───── Given records
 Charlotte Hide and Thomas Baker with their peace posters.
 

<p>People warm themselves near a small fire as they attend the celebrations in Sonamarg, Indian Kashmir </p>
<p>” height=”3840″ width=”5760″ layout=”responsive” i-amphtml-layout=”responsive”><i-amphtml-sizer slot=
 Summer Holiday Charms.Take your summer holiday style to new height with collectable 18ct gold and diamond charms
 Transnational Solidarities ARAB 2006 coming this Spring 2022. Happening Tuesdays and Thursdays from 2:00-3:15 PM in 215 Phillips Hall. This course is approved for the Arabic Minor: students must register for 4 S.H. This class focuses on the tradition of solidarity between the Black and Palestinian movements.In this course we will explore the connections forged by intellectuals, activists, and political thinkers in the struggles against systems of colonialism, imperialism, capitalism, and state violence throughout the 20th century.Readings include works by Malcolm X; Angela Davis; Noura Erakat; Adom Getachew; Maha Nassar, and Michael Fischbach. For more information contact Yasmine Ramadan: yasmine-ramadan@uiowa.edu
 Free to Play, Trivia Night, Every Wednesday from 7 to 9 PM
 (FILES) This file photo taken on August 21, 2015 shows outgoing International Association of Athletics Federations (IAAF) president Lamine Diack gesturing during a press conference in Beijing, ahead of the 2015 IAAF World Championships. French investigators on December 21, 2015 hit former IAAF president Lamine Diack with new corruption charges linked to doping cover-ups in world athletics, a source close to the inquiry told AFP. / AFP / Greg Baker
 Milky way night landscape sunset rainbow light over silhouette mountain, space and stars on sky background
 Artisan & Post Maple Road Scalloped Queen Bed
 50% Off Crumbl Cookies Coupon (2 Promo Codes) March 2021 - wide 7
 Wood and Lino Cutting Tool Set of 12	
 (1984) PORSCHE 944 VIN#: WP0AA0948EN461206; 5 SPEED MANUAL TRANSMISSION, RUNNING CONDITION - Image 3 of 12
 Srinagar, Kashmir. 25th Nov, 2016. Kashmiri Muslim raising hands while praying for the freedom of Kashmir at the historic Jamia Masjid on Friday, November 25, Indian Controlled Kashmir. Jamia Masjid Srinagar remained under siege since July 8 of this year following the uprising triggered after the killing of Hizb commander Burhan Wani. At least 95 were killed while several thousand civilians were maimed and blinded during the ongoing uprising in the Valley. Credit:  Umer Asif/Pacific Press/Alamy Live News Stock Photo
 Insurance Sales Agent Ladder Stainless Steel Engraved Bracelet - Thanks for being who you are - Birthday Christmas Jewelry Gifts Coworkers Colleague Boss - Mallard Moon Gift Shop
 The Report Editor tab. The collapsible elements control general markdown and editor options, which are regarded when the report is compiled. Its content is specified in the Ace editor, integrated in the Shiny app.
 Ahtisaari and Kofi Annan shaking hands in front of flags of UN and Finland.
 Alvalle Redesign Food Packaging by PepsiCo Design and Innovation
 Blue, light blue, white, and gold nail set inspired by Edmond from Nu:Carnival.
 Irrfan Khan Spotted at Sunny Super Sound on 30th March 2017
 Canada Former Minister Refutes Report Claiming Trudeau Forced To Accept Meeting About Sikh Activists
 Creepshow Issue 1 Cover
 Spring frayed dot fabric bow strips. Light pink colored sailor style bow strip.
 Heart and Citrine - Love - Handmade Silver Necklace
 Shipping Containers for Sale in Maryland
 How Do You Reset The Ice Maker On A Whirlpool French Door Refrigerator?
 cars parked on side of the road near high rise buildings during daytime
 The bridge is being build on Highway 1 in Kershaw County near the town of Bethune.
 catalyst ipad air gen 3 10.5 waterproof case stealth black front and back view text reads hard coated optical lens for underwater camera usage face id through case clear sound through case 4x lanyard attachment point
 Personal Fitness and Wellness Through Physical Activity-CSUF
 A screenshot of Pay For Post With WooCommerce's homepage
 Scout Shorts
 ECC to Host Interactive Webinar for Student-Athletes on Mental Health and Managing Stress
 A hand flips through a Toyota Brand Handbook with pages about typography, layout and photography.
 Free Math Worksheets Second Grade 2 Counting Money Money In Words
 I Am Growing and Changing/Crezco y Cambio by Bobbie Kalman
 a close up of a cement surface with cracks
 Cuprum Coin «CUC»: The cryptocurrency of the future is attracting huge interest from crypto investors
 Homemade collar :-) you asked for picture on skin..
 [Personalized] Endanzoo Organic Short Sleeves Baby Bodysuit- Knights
──────────
In the entries above, which lines hold the word "close"? Copy them out.

 (FILES) This file photo taken on August 21, 2015 shows outgoing International Association of Athletics Federations (IAAF) president Lamine Diack gesturing during a press conference in Beijing, ahead of the 2015 IAAF World Championships. French investigators on December 21, 2015 hit former IAAF president Lamine Diack with new corruption charges linked to doping cover-ups in world athletics, a source close to the inquiry told AFP. / AFP / Greg Baker
 a close up of a cement surface with cracks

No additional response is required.